Data segment Block Start
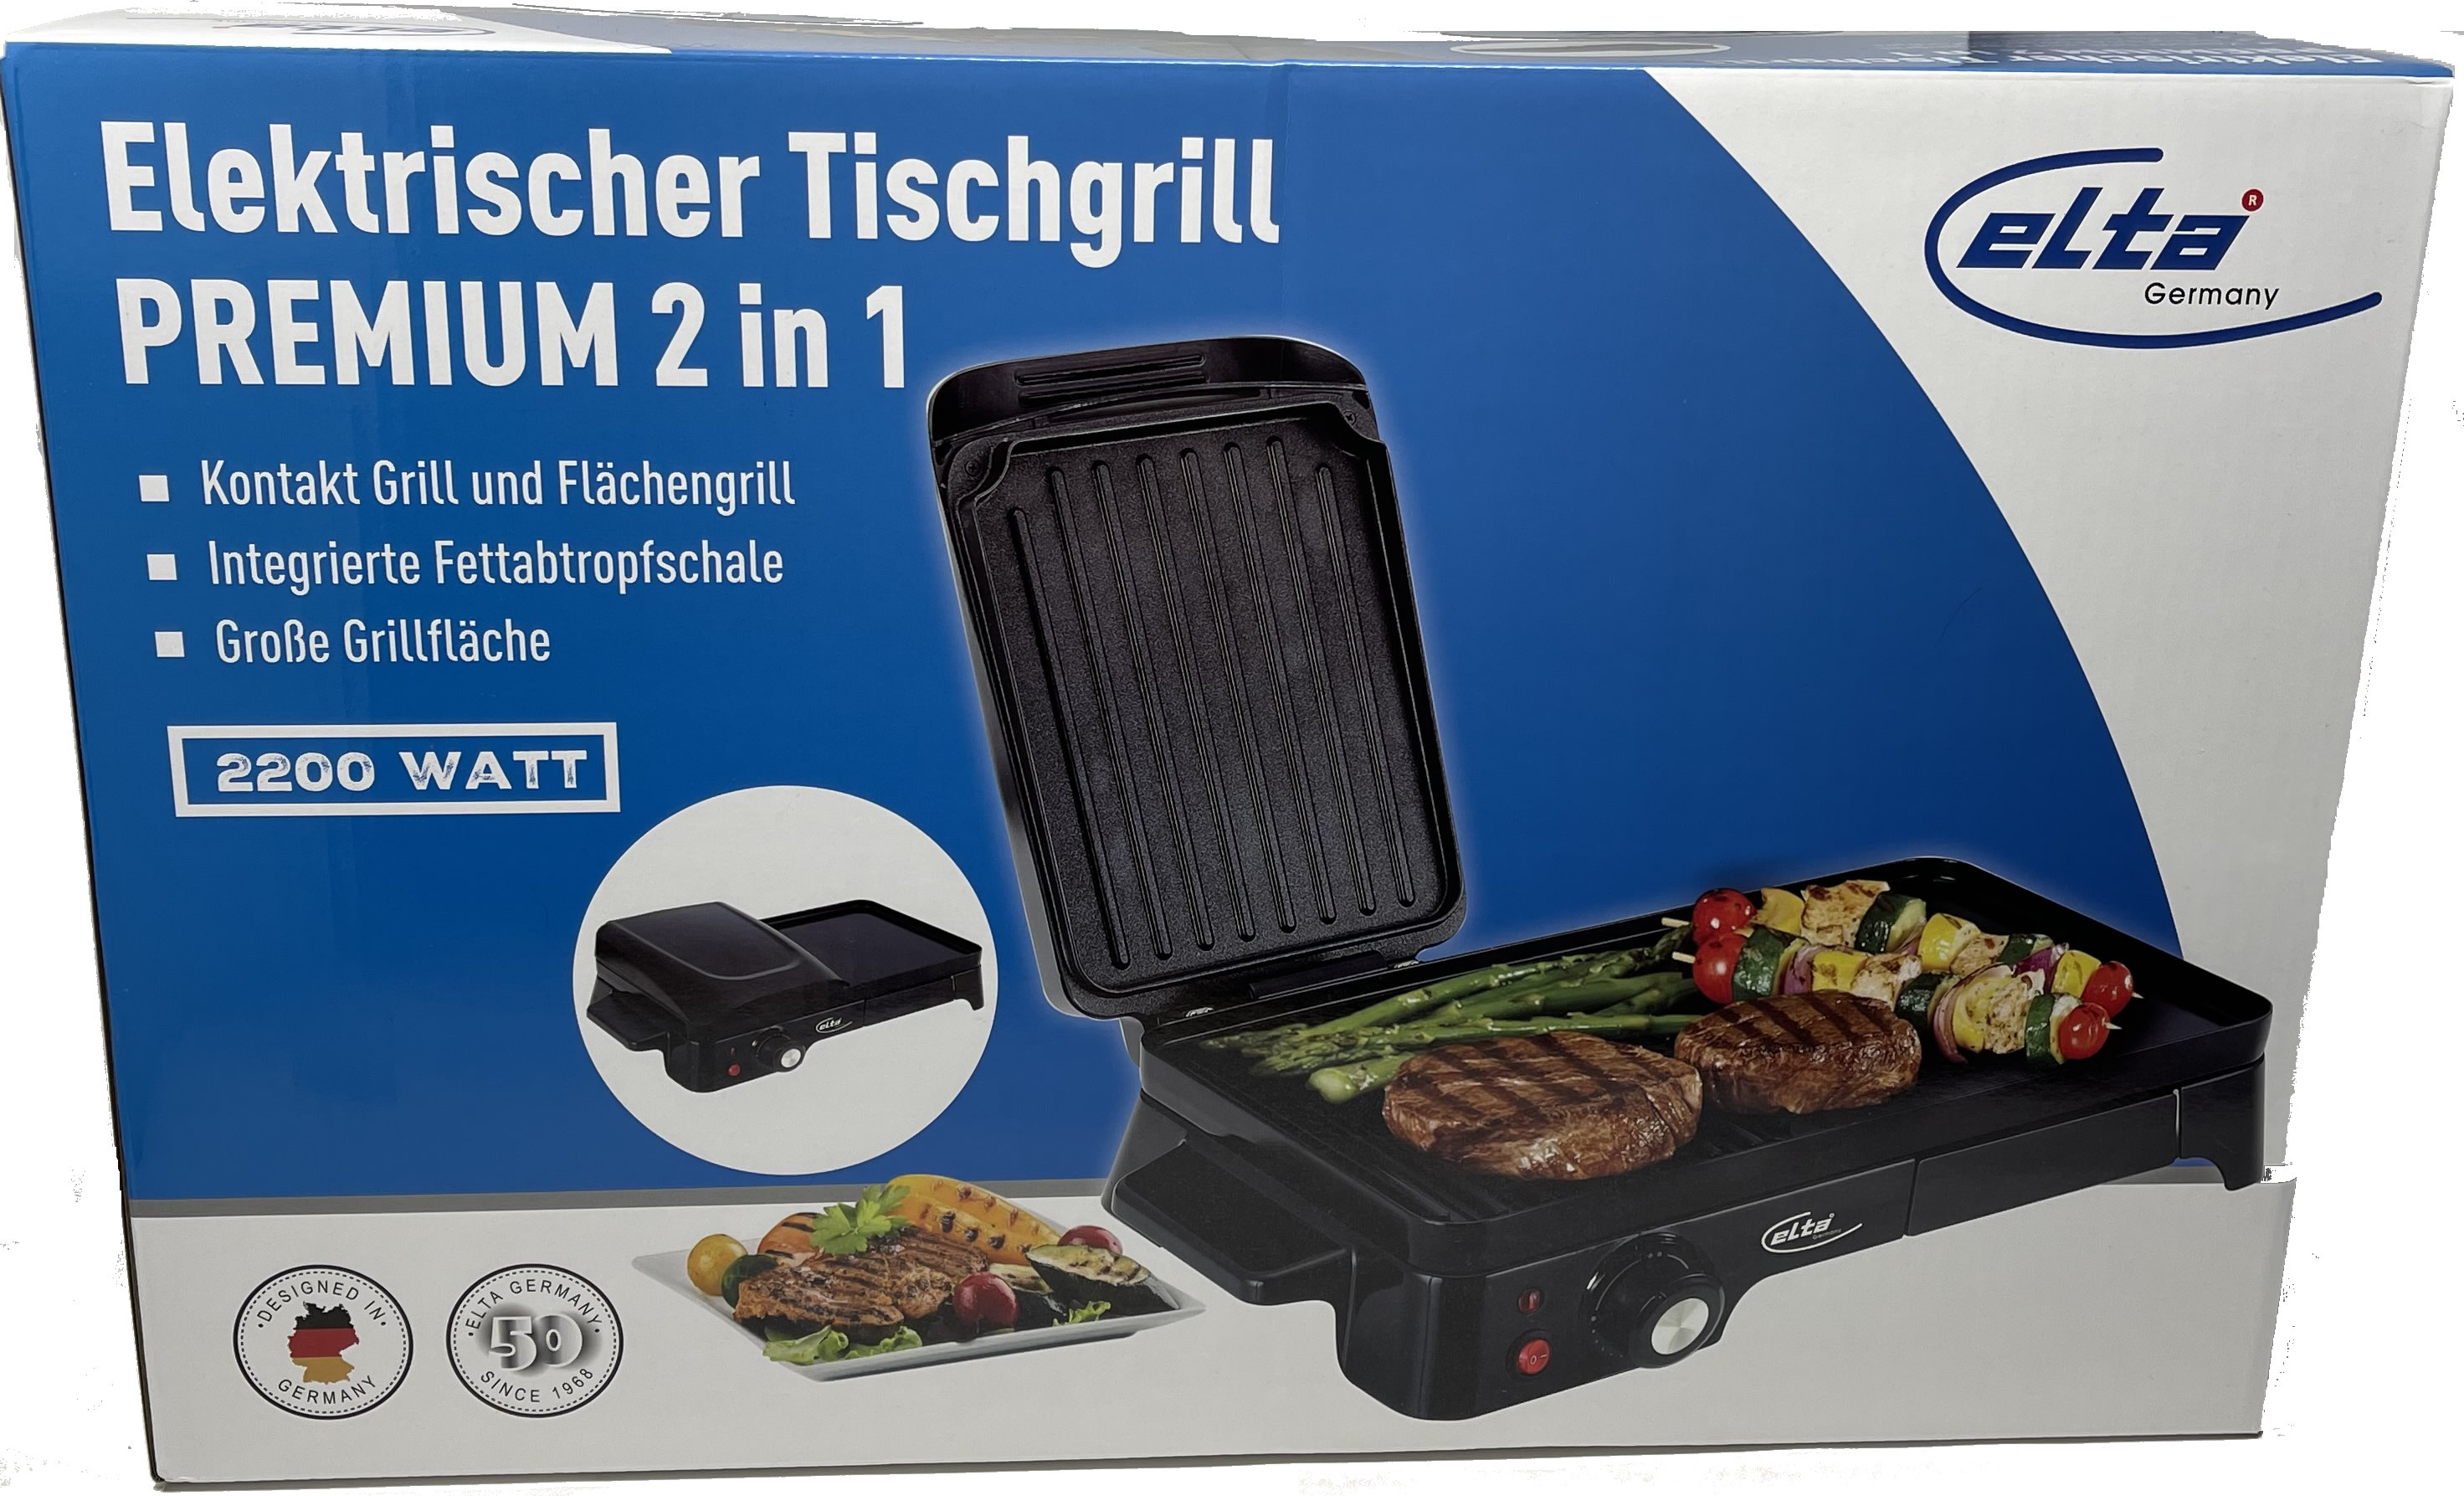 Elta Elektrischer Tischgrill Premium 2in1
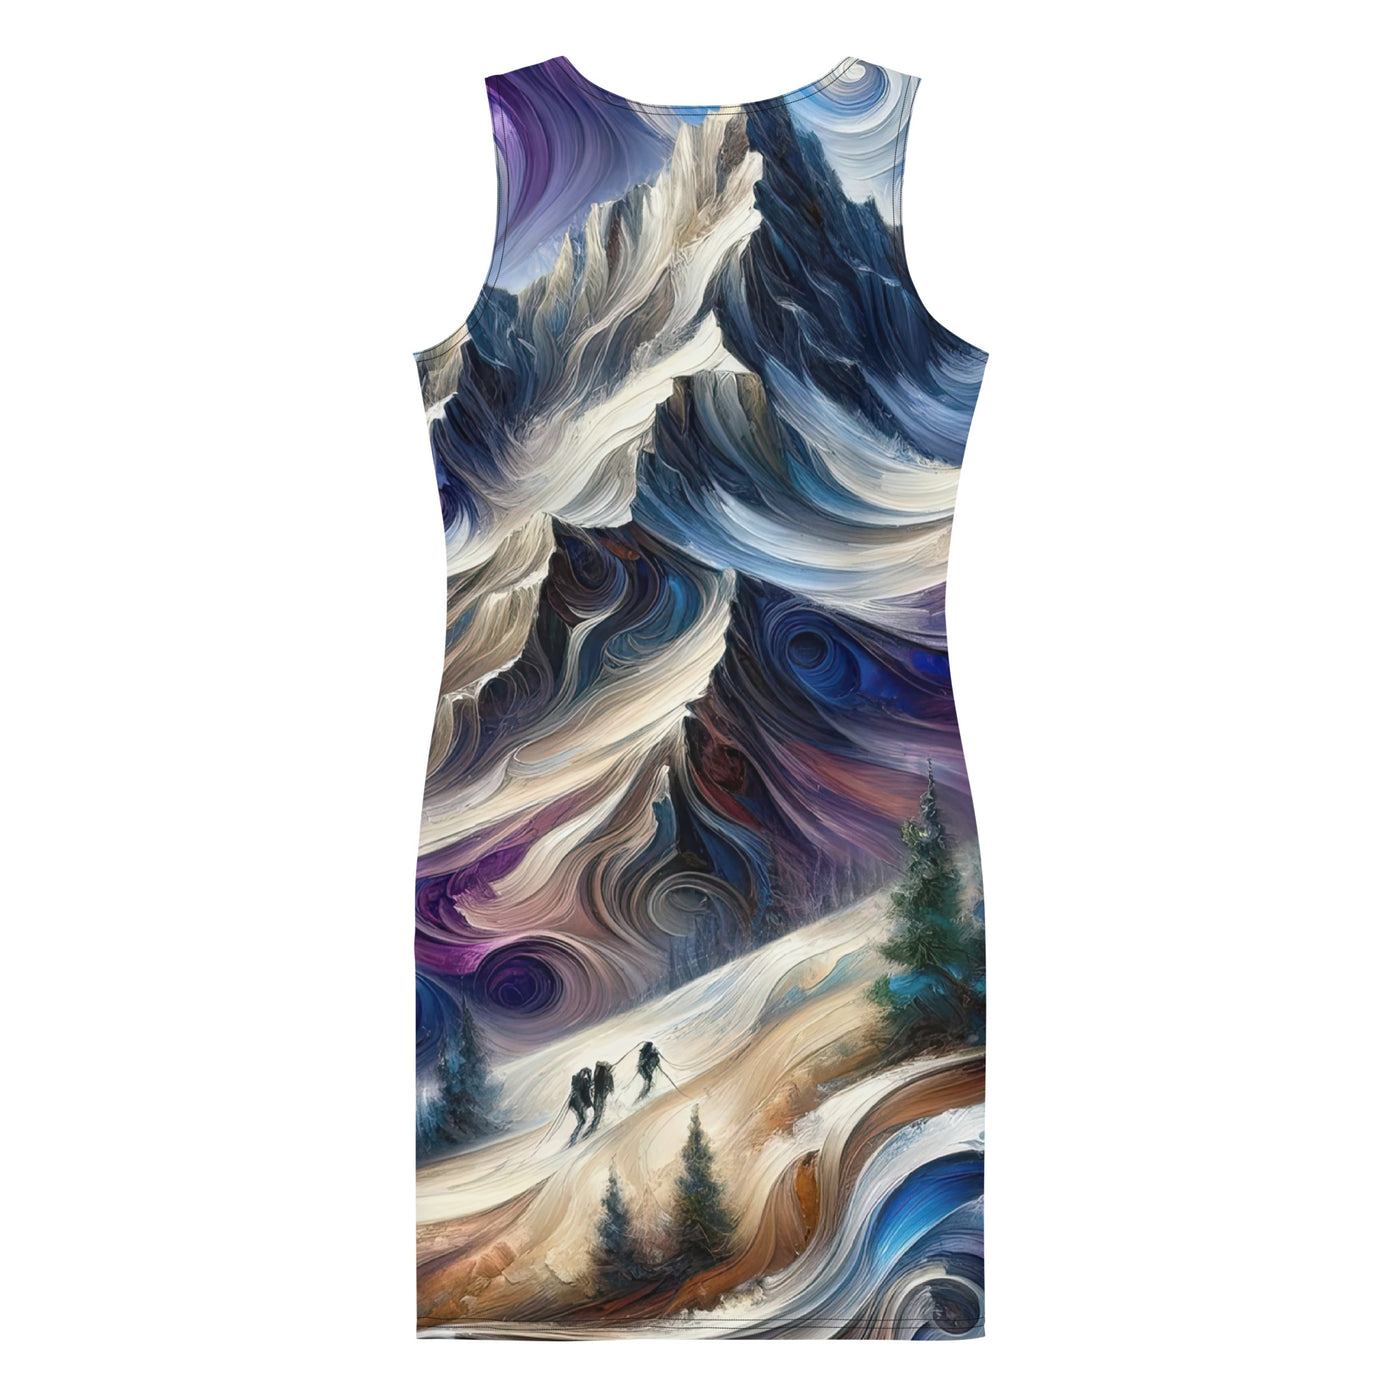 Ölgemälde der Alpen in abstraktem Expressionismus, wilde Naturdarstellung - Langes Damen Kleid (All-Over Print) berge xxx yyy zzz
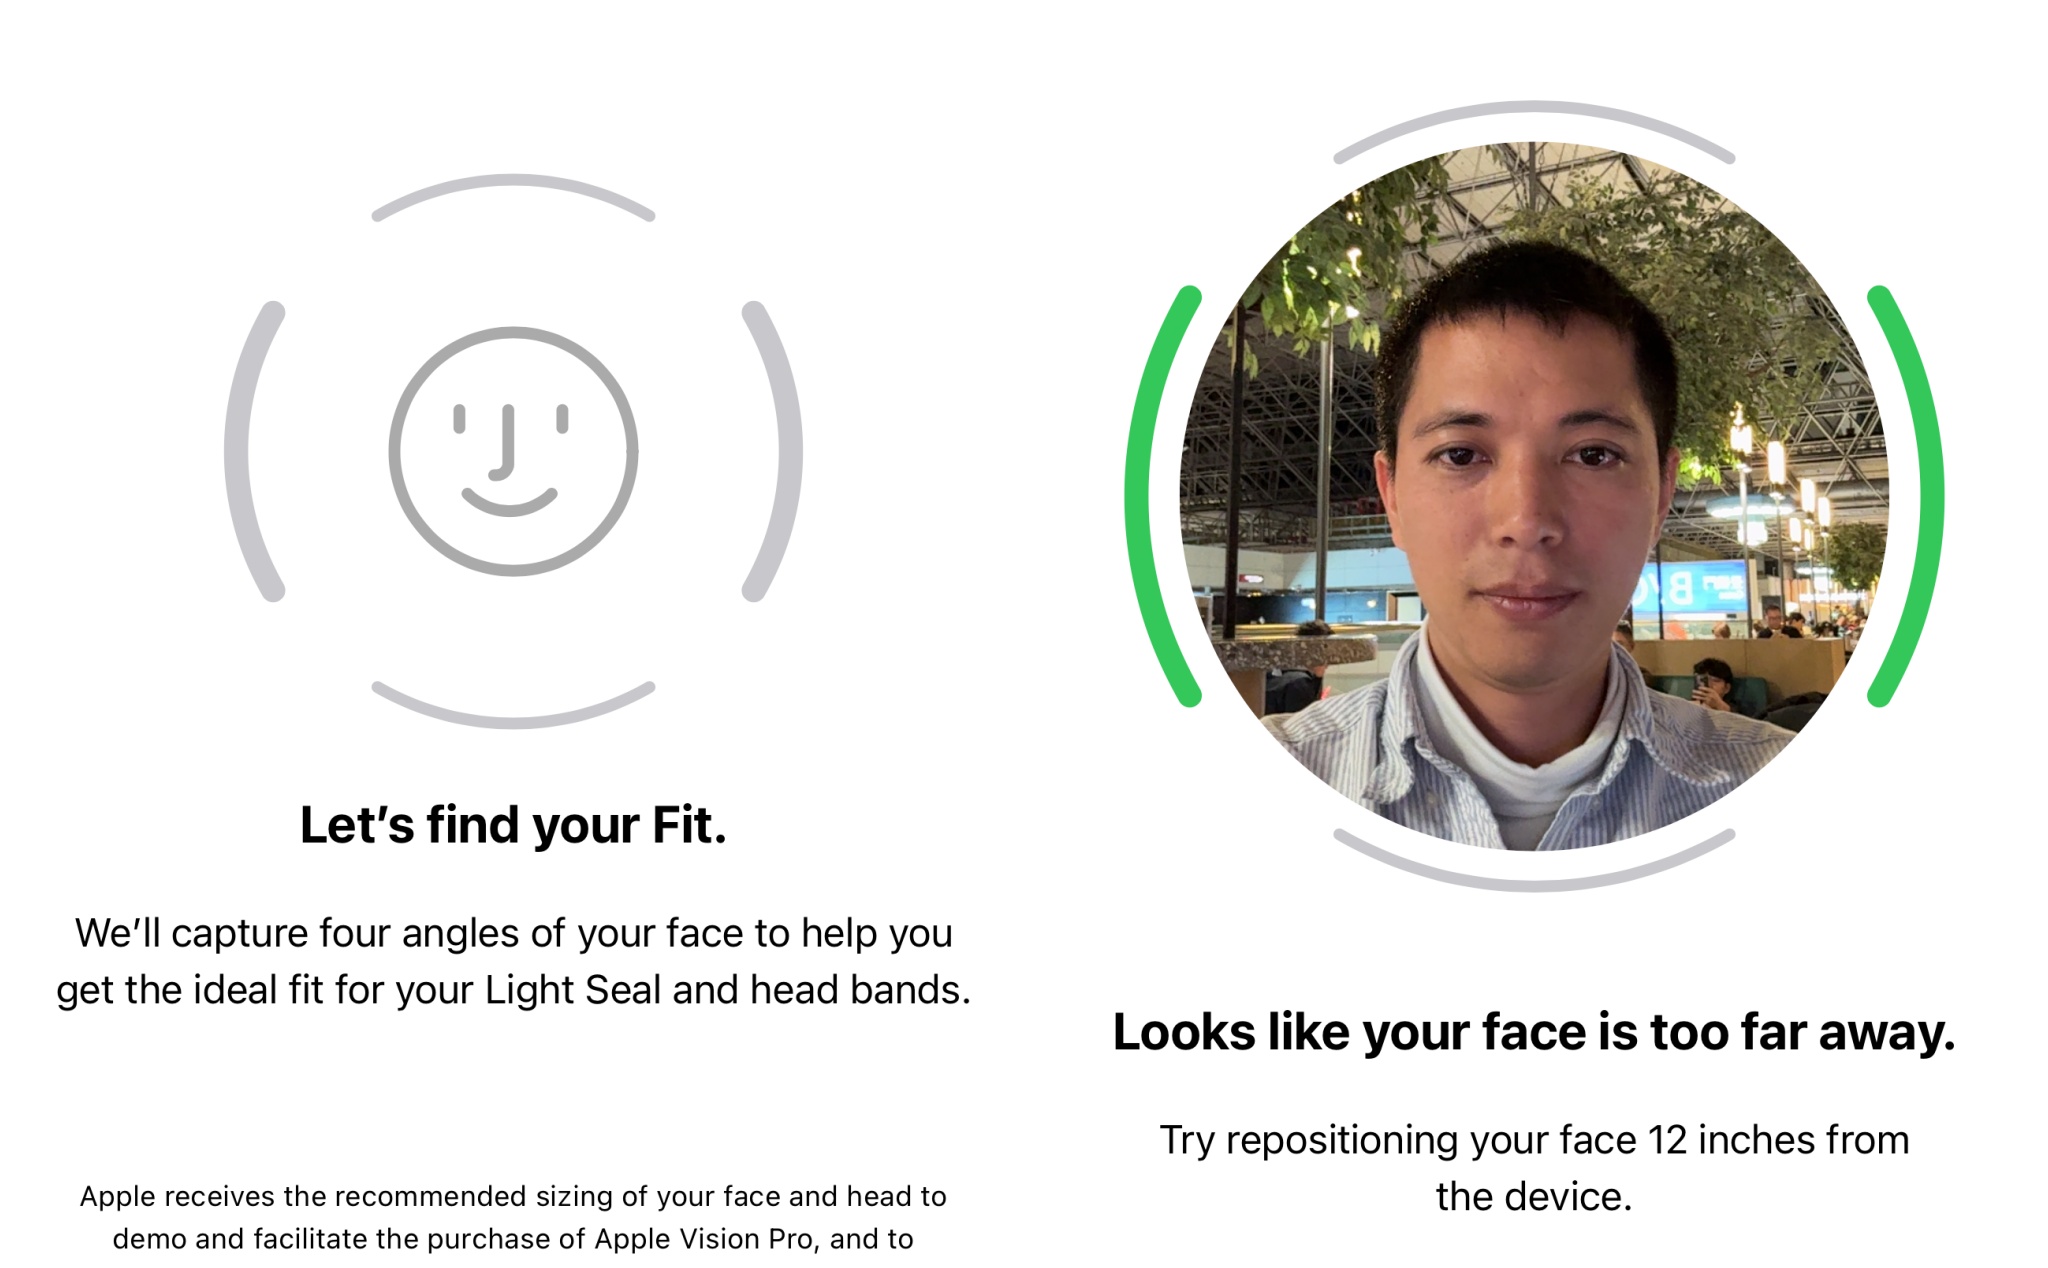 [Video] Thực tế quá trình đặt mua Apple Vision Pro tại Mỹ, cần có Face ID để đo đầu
Data segment Block End
# Work instructions:
The answer must be the full listing, word for word, with no images in it.

# Exercise answer:
 Elta Elektrischer Tischgrill Premium 2in1
 Ölgemälde der Alpen in abstraktem Expressionismus, wilde Naturdarstellung - Langes Damen Kleid (All-Over Print) berge xxx yyy zzz
 [Video] Thực tế quá trình đặt mua Apple Vision Pro tại Mỹ, cần có Face ID để đo đầu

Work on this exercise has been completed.